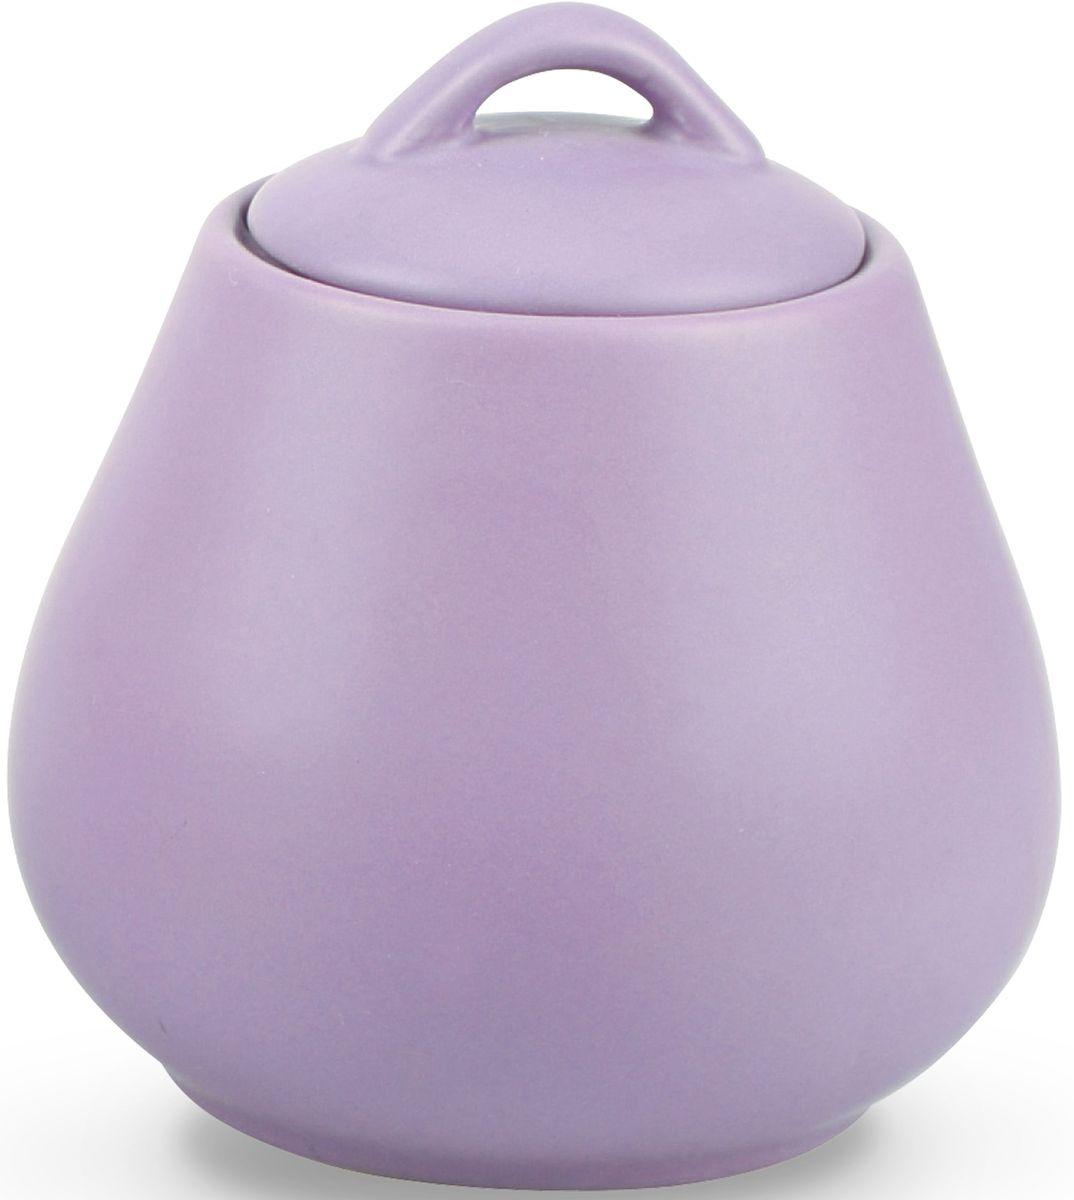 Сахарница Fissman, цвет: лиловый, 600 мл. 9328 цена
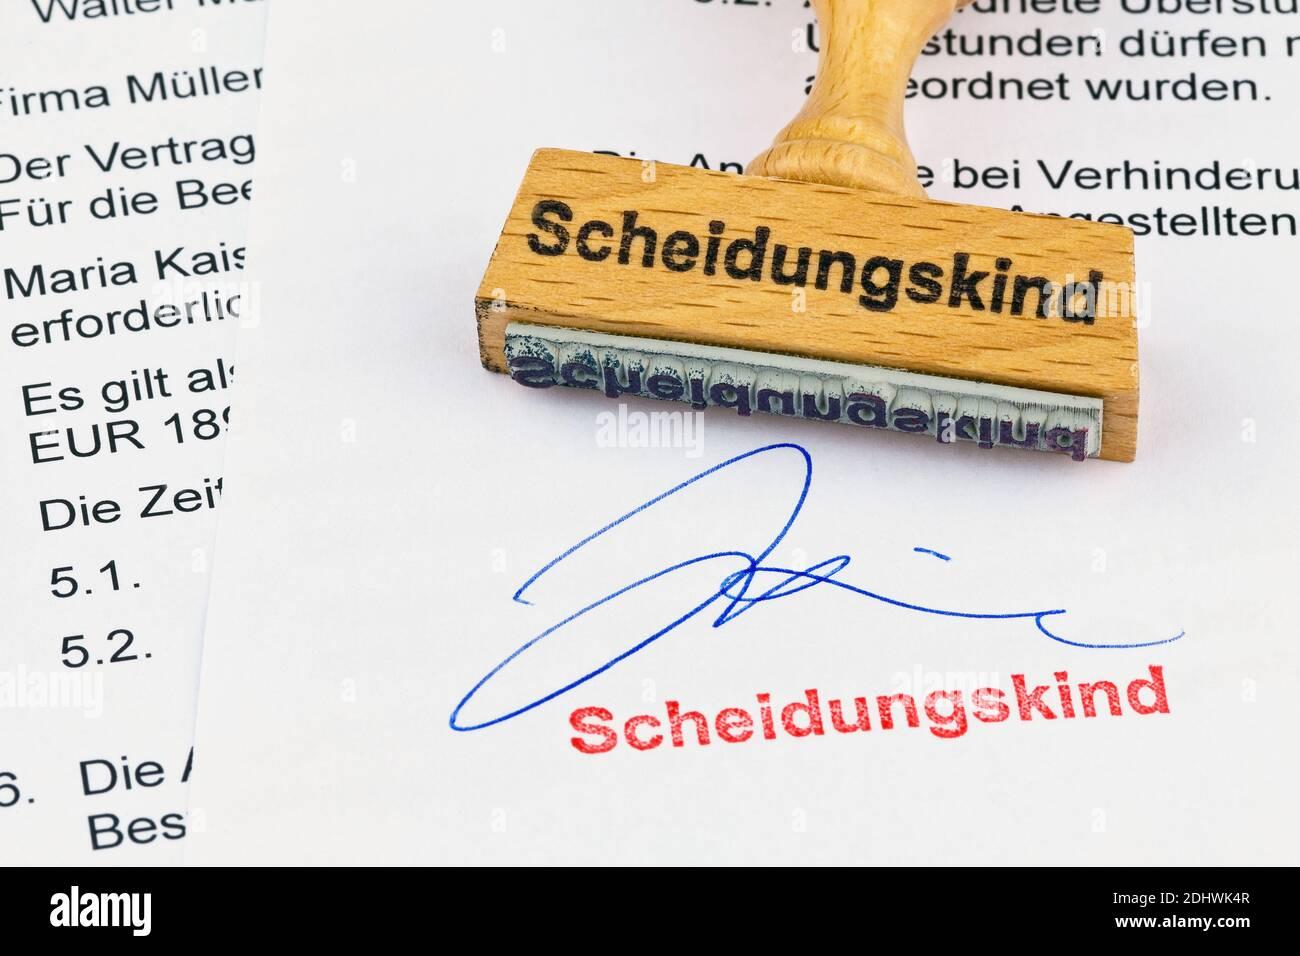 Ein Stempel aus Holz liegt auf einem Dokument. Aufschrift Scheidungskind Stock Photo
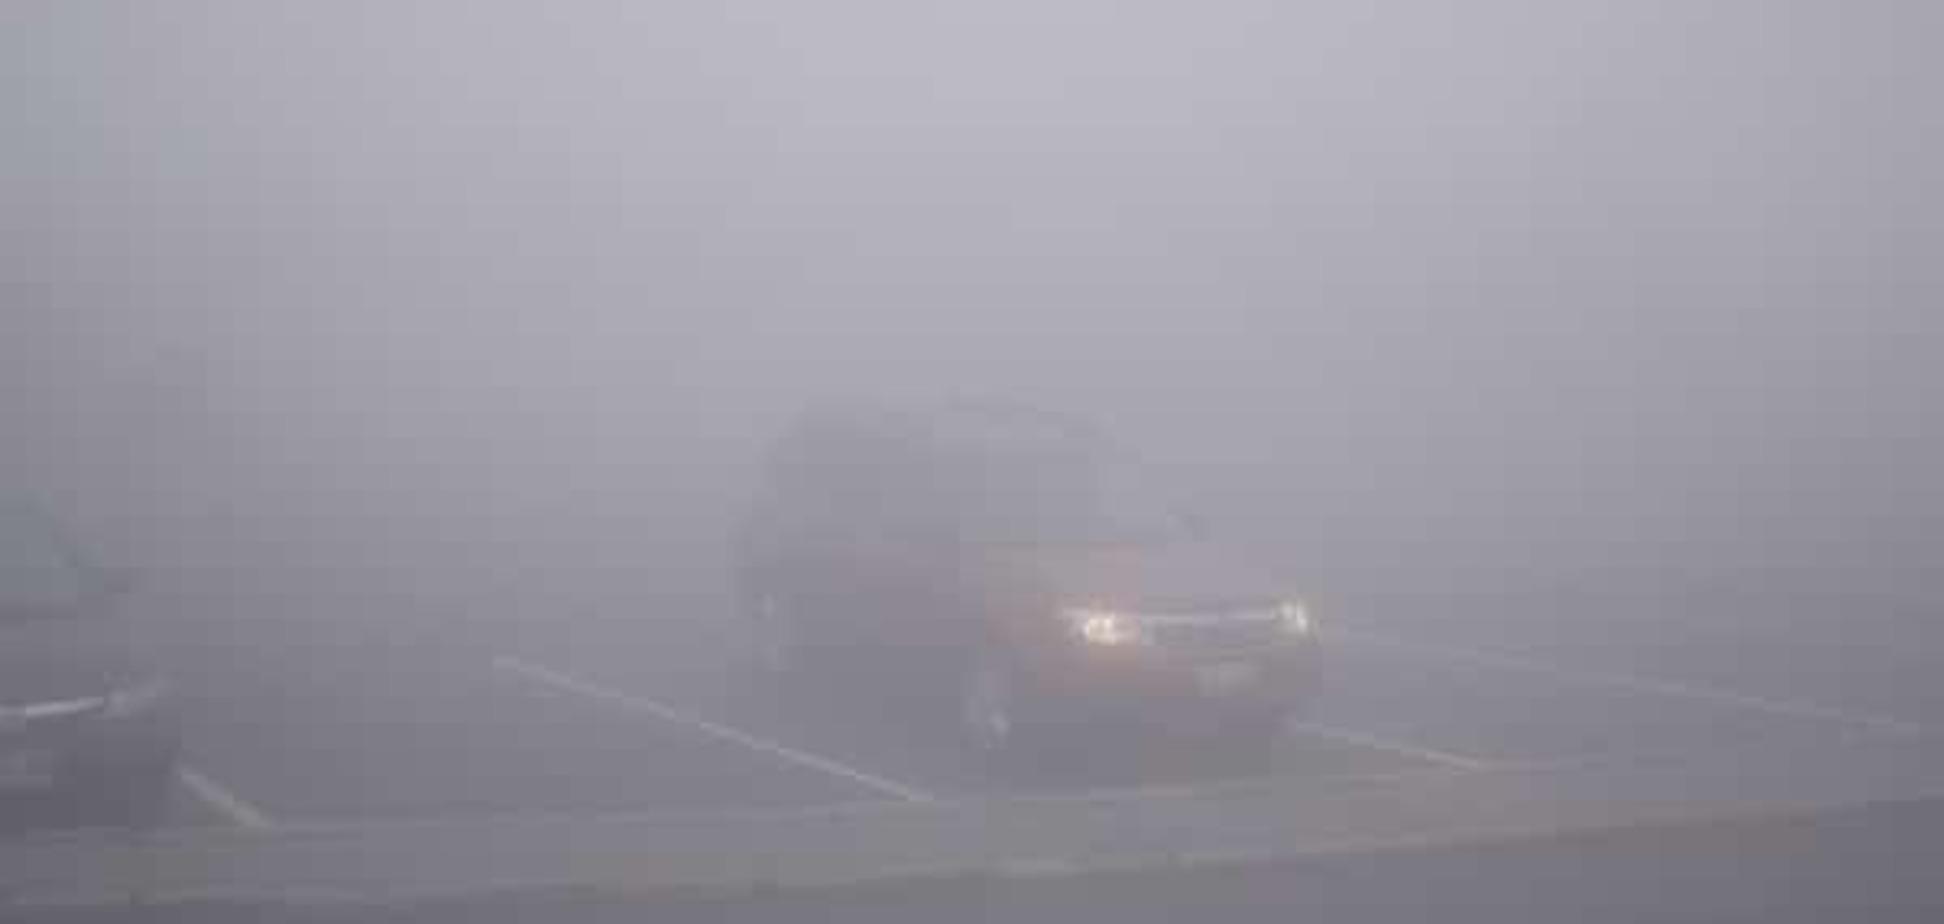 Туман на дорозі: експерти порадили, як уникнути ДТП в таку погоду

* * * * *

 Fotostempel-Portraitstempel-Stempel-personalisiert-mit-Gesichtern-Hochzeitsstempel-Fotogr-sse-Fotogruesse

* * * * *

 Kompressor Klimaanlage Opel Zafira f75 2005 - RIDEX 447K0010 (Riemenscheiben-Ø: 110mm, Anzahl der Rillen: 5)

* * * * *

▶ _Your objective_: Repeat only the stretch of data above that runs from the line with "Сахарница Fissman, цвет: лиловый, 600" to the line with "Туман на дорозі: експерти". Keep both end lines; exclude pictures.

▶ _Solution_:
 Сахарница Fissman, цвет: лиловый, 600 мл. 9328 цена
 Ein Stempel aus Holz liegt auf einem Dokument. Aufschrift Scheidungskind Stock Photo
 Туман на дорозі: експерти порадили, як уникнути ДТП в таку погоду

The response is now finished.